After completing her studies Dr Munene was posted to Kilifi District Hospital for internship. The experience there confirmed that she was not cut for clinical pharmacy.

“Being in the wards, dealing with people, I learned a lot but working in a hospital did not fit me best.”

She was later posted to Kericho. She however did not take the opportunity after her transfer request to Nairobi was declined: she had just gotten married, wanted to work near her family.

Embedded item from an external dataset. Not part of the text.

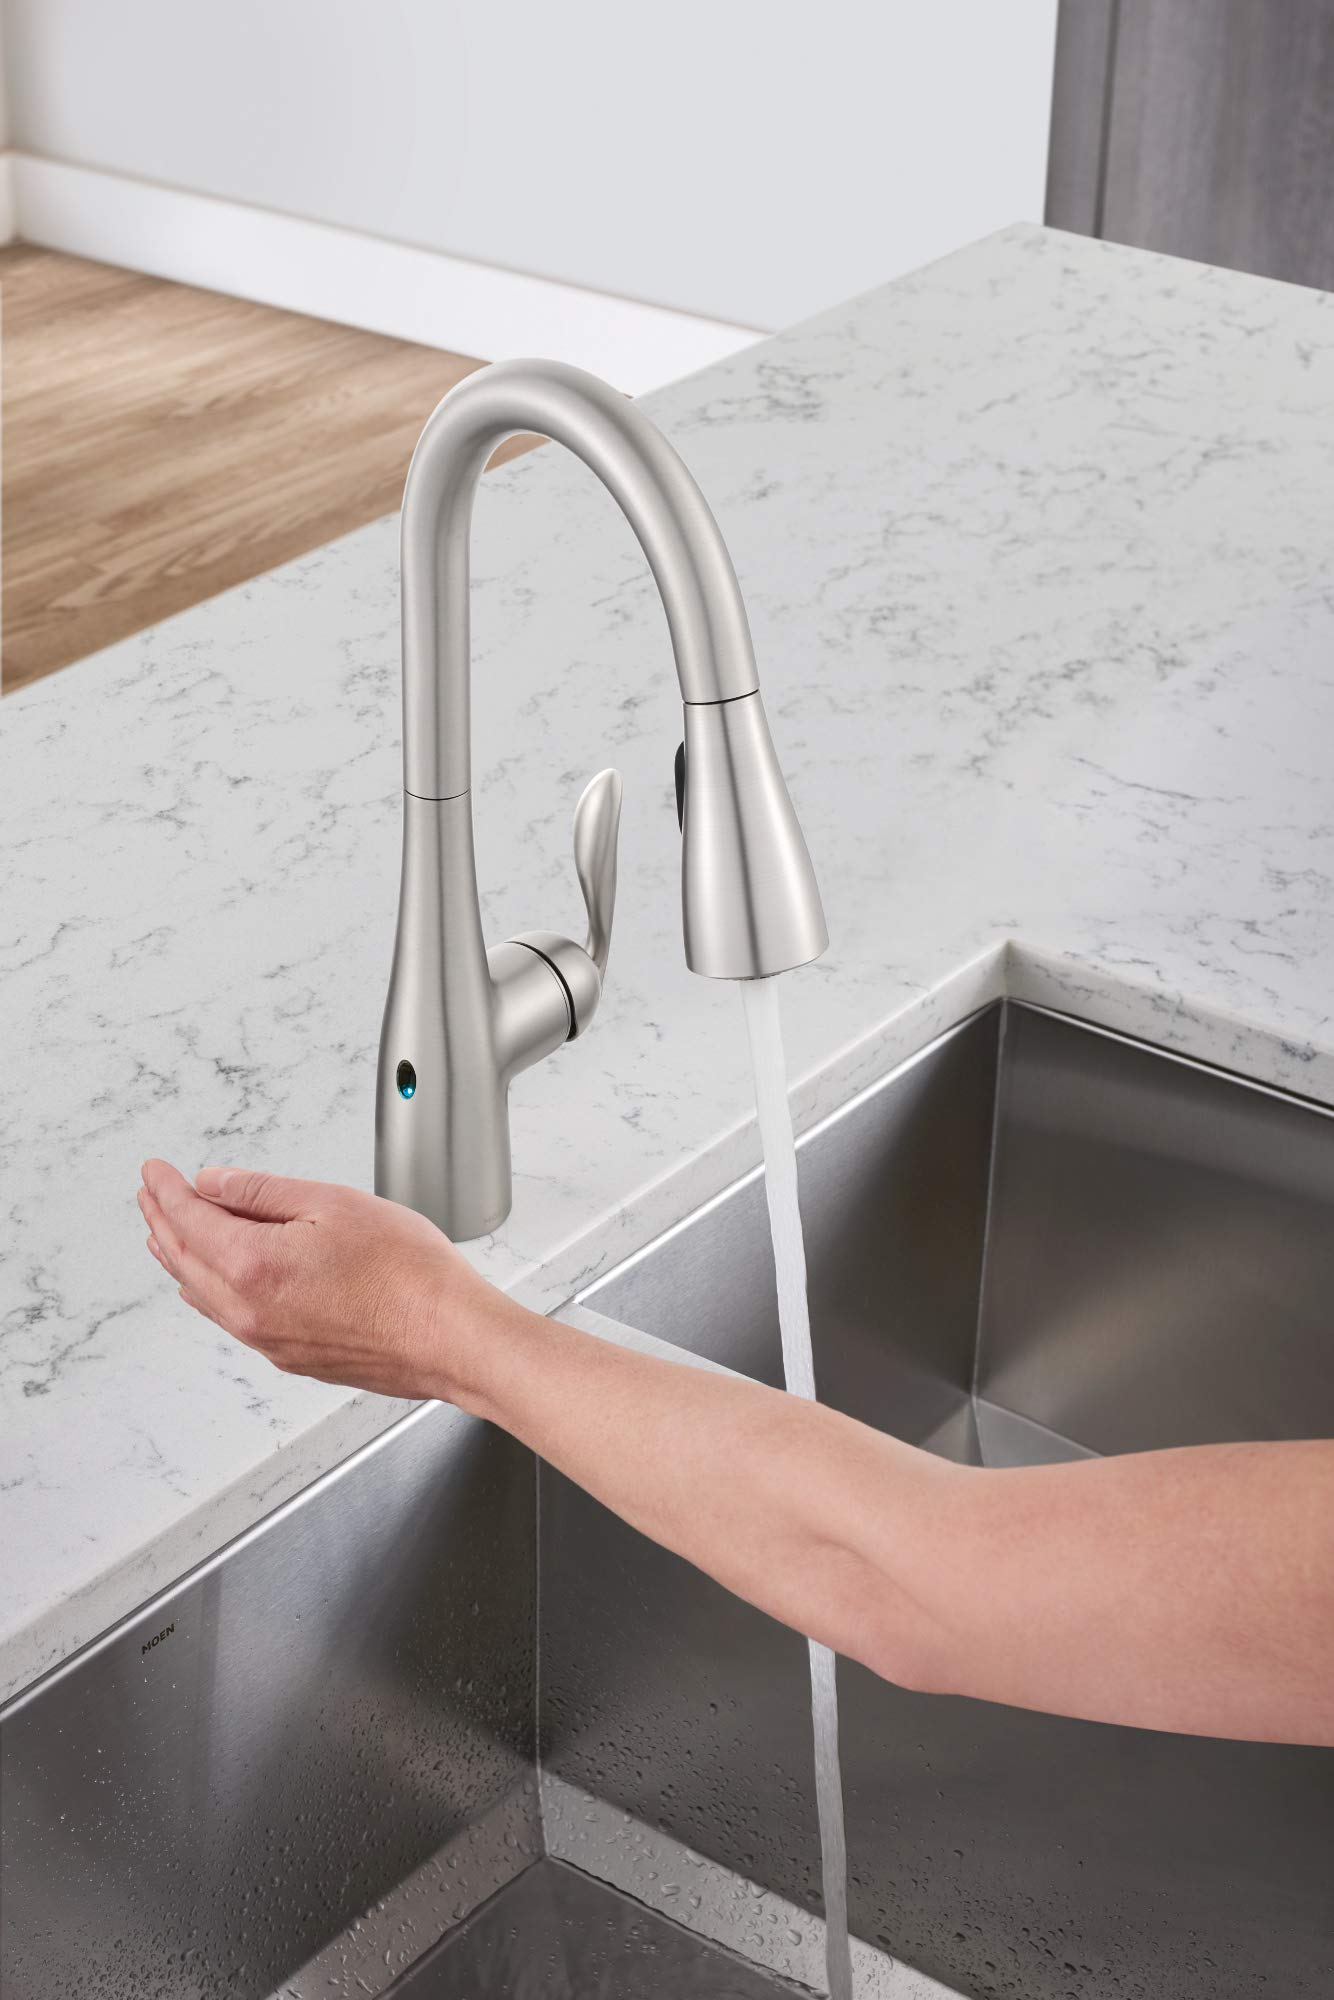 Moen Arbor Motionsense Wave Sensor Touchless One-Handle High Arc Pulldown  Kitchen Faucet Featuring Reflex

She later opted to venture into private practice 

Though she was not trained in supply chain management and quality assurance, she got a job as the distribution manager for a pharmaceutical where she learned the skills on the job for five years.

And over 15 years of experience in supply chain management has seen her become a consultant in a field that entails ensuring that medicines are not sub-standard.

Some Kenyans think original is better than generic medicine, but Dr Munene argues that generics work as well as the original brands.

“Generic doesn’t mean that it is fake or counterfeit,” she adds.

The perception, she explains, is from unethical marketing practices where doctors are told which brands to trust, which they pass over to patients in form of prescriptions.

“Consequently, patients don’t know the generics are equally good,” she says

Dr Munene explains that the difference between a generic and an original drug is that original is the first product presented for approval in a market and which is called the innovator brand, like paracetamol.

Original drugs, due to the process of research and development that the molecule go through, are usually expensive to recoup the costs as per the property laws, but after sometime, other manufacturers are allowed to use the same molecule to manufacture generic drugs without the research costs making them cheaper.

“All the products that come after the innovator brand are called generics and it is the same thing made at a lower cost because one does not pay a whole army of scientists to do trial and error,” says Dr Munene.

Her young daughter, she says, may follow in her scientific footsteps a she’s showing interest in animal health.